Humphrey’s Other Holding, by Jordan Rudinsky

The Supreme Court’s 1935 landmark decision, Humphrey’s Executor, is on the chopping block.  In Trump v. Slaughter, scheduled for argument next month, the Court will consider whether President Trump lawfully removed Rebecca Slaughter from the Federal Trade Commission.  It has directed the parties to brief and argue “whether the statutory removal protections for members of the Federal Trade Commission violate the separation of powers and, if so, whether Humphrey’s Executor v. United States should be overruled.”  Already, the Court seems poised to answer “yes” to both questions, allowing the removal.  But it could reach the same practical outcome by answering “no” to the first and “yes” only to the second.  And there are compelling reasons why it should do so.

Revisiting Humphrey’s

Humphrey’s holds that while the President must be able to remove “executive” officers at will, statutory for-cause removal protections for “quasi-judicial” and “quasi-legislative” offices like the FTC are constitutional.  The Court has cast doubt on these “quasi” categories, tending to see all administrative powers and offices as “executive,” and at least two current justices have accordingly called for the Court to overrule Humphrey’s entirely. 

While the controversy has swirled around Humphrey’s’ constitutional holding, it is rarely observed that this holding rested on, and was made necessary by, a prior statutory holding.  The first question that confronted the Humphrey’s Court was whether the FTC Act of 1913 in fact restricted the President’s power to remove.  The Act provided (and still provides) that commissioners “may be removed by the President for inefficiency, neglect of duty, or malfeasance in office.”  In both 1913 and 1935 it was not obvious that this formulation restricted the President’s power to remove.  In the 1903 case of Shurtleff v. United States, the Court had held that a virtually identical provision did not do so. 
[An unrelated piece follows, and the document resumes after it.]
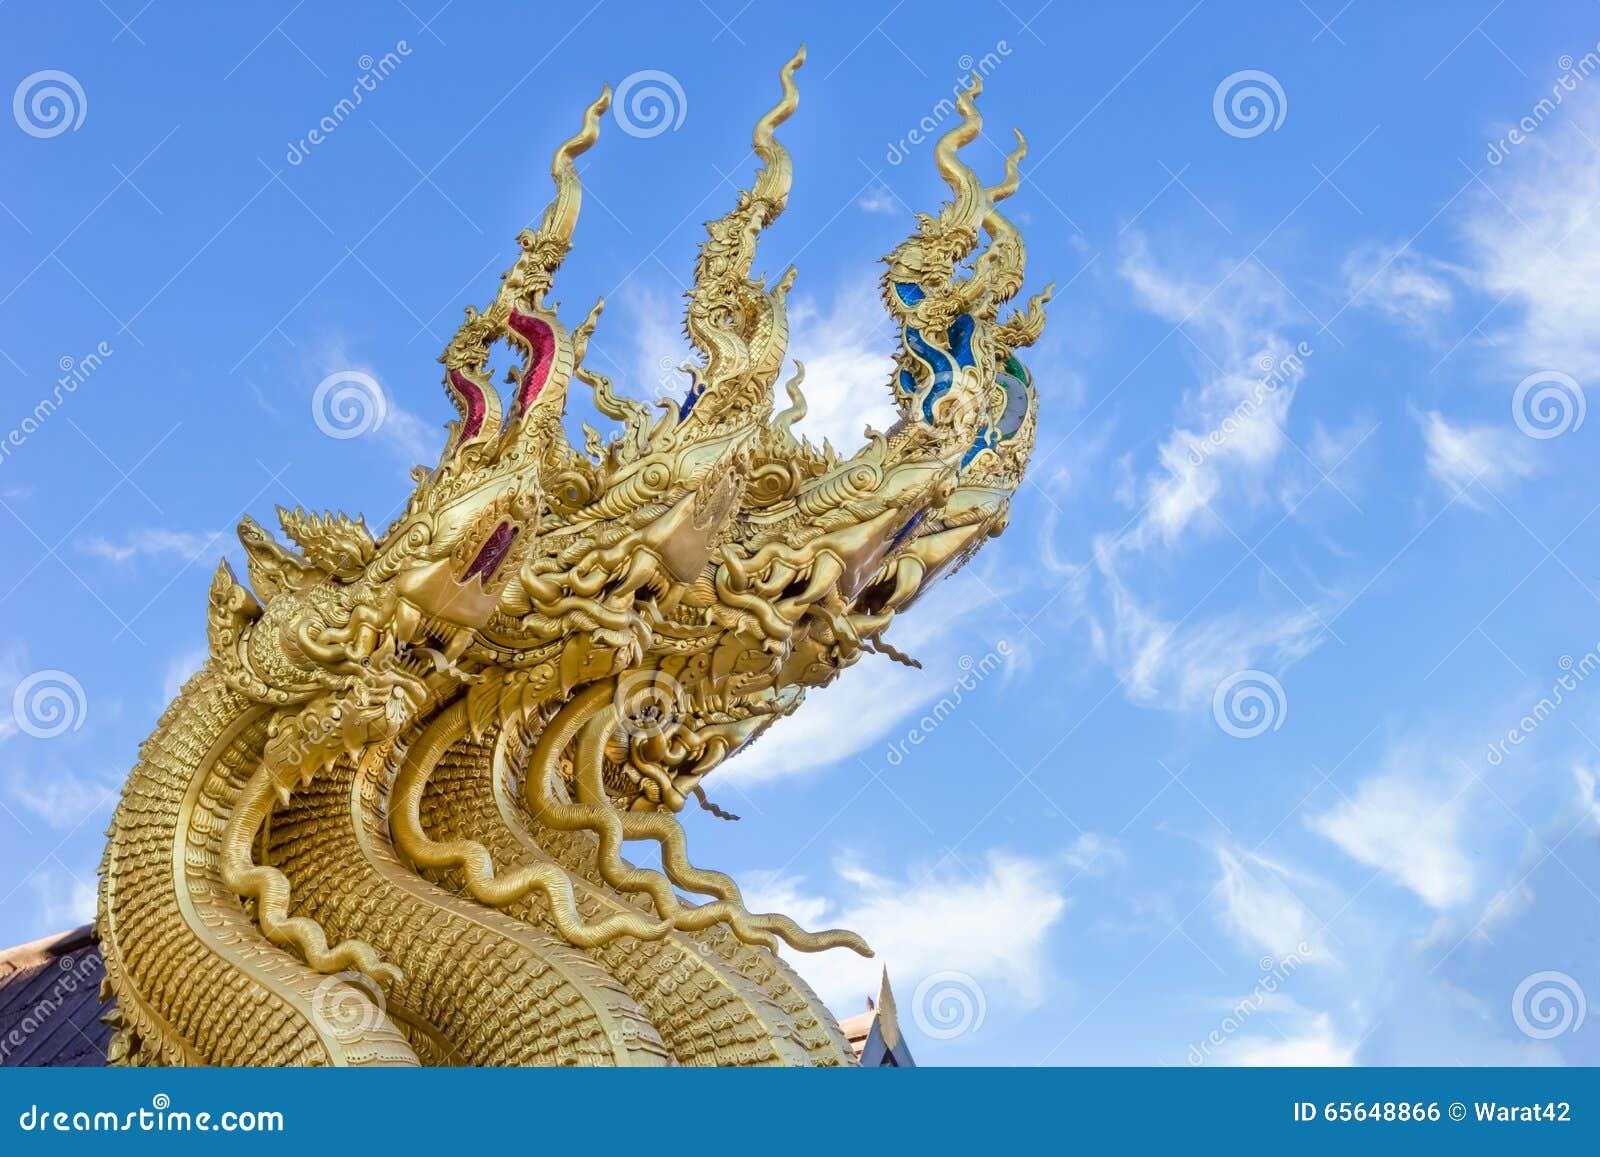 Sculpture en dragon au temple de Sri Pan Ton, province Nan, Thaïlande

Ferdinand Shurtleff was a member of the Board of General Appraisers (BGA), an administrative tribunal tasked with deciding appeals from tariff decisions of customs officials.  The BGA’s organic statute provided that its members “may be removed from office at any time by the President for inefficiency, neglect of duty, or malfeasance in office.”  When President William McKinley removed Shurtleff without giving cause, Shurtleff sued for backpay, arguing that he had been unlawfully removed.  The Court rejected his argument, holding that the statute did not in fact limit presidential removal to the three specified causes.  Such limitation would have required “clear and explicit” language specifying that the three causes were the only permissible grounds for removal.  The Court acknowledged that the expressio unius canon of interpretation would normally require statutory language like this to be taken to exclude removal for any other cause or for no cause, but it declined to apply the canon because of the problem it would have created for the President’s “constitutional responsibility to see that the laws are faithfully executed.”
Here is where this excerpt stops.